Frequently asked questions
- What is a covered call on GSL?
- A covered call on GSL is the covered call strategy applied to GSL (stock). The strategy is structurally neutral to slightly bullish: A covered call pairs long stock with a short out-of-the-money call, collecting premium and capping upside above the short strike in exchange for income. With GSL stock trading near $40.97, the strikes shown on this page are snapped to the nearest listed GSL chain strike and the premiums come straight from the end-of-day bid/ask midpoint.
- How are GSL covered call max profit and max loss calculated?

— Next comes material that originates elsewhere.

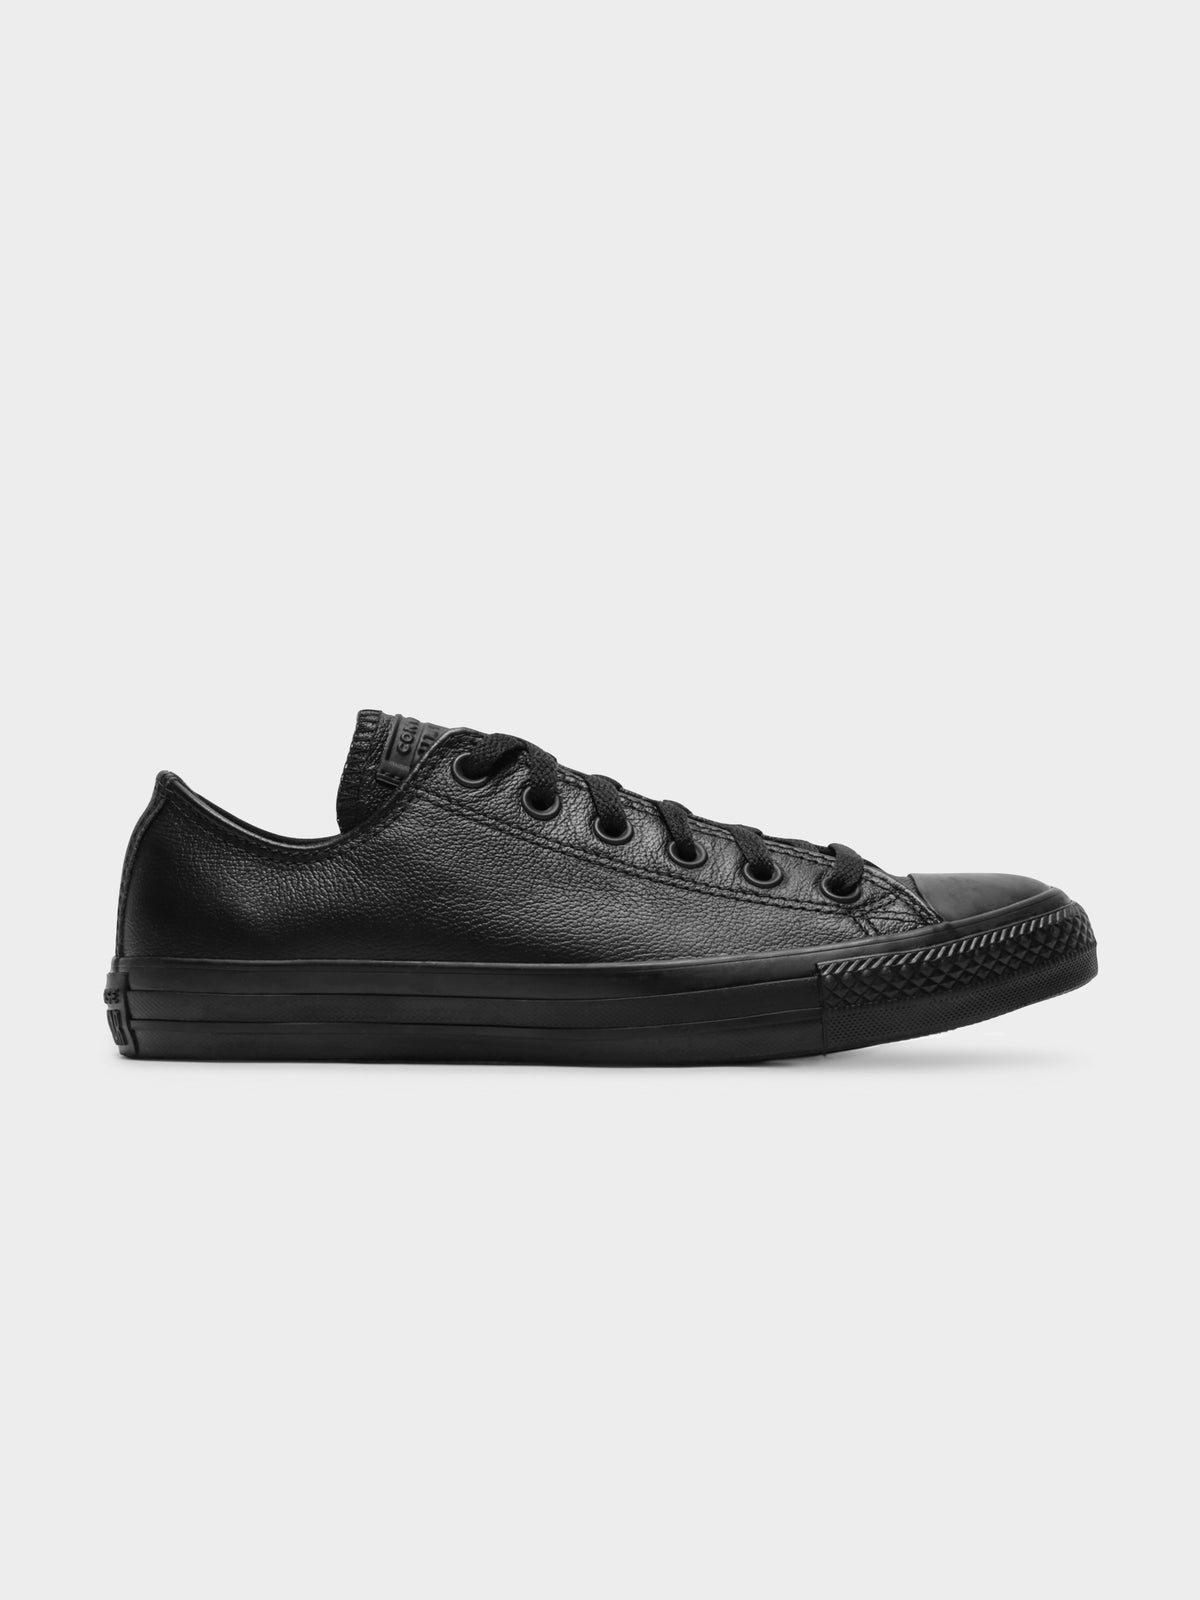 Unisex Chuck Taylor All Star Low Leather Mono Sneakers in Black
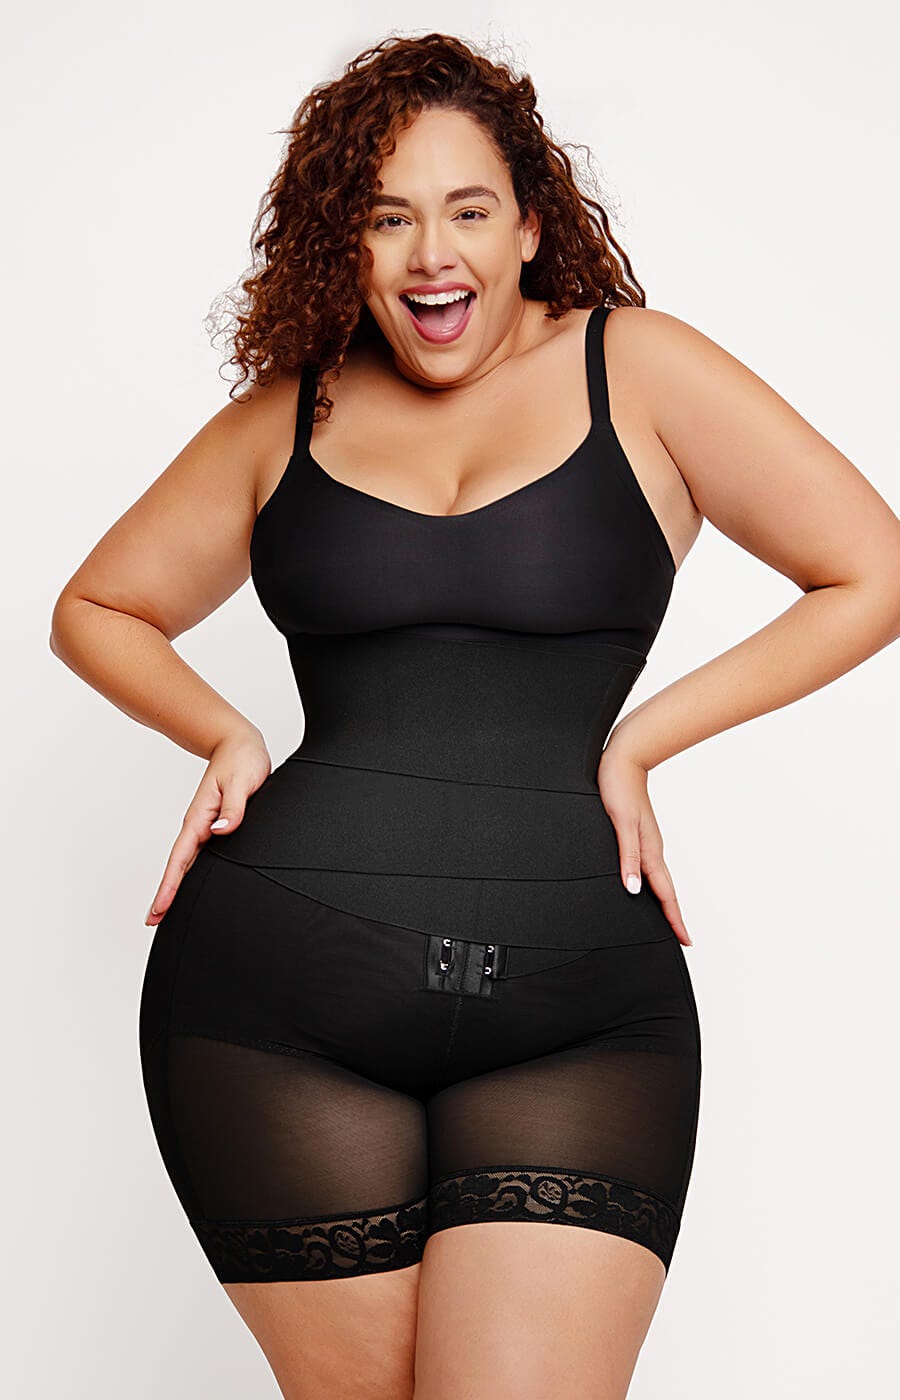 The Ultimate Guide to Shapewear for Tummy Control That Doesn't Roll Down, by Sylvia Jones

- Max profit equals short-strike minus cost basis plus premium times 100; max loss is cost basis minus premium (at zero). Breakeven is cost basis minus premium. For the GSL covered call priced from the end-of-day chain at a 30-day expiry (ATM IV 33.50%), the computed maximum profit is $270.50 per contract and the computed maximum loss is -$4,028.50 per contract. Live intraday quotes will differ as the chain moves through the trading session.
- What is the breakeven for a GSL covered call?
- The breakeven for the GSL covered call priced on this page is roughly $40.30 at expiration, derived from end-of-day chain premiums. Breakeven is the underlying price at which the strategy's P&L crosses zero ignoring transaction costs and assignment risk. The current GSL market-implied 1-standard-deviation expected move is approximately 9.60%; if the move sits well outside the breakeven distance, the structure's risk-reward becomes correspondingly tighter.
- When should you consider a covered call on GSL?
- Covered calls on GSL are an income strategy run on existing GSL stock positions; traders typically sell calls at 25-35 delta with 30-45 days to expiration to balance premium against upside cap.
- How does current GSL implied volatility affect this covered call?
- GSL ATM IV is at 33.50% with IV rank near 48.19%, which is mid-range against its 1-year history. Strategy selection depends more on directional thesis and expected move than on a strong IV signal.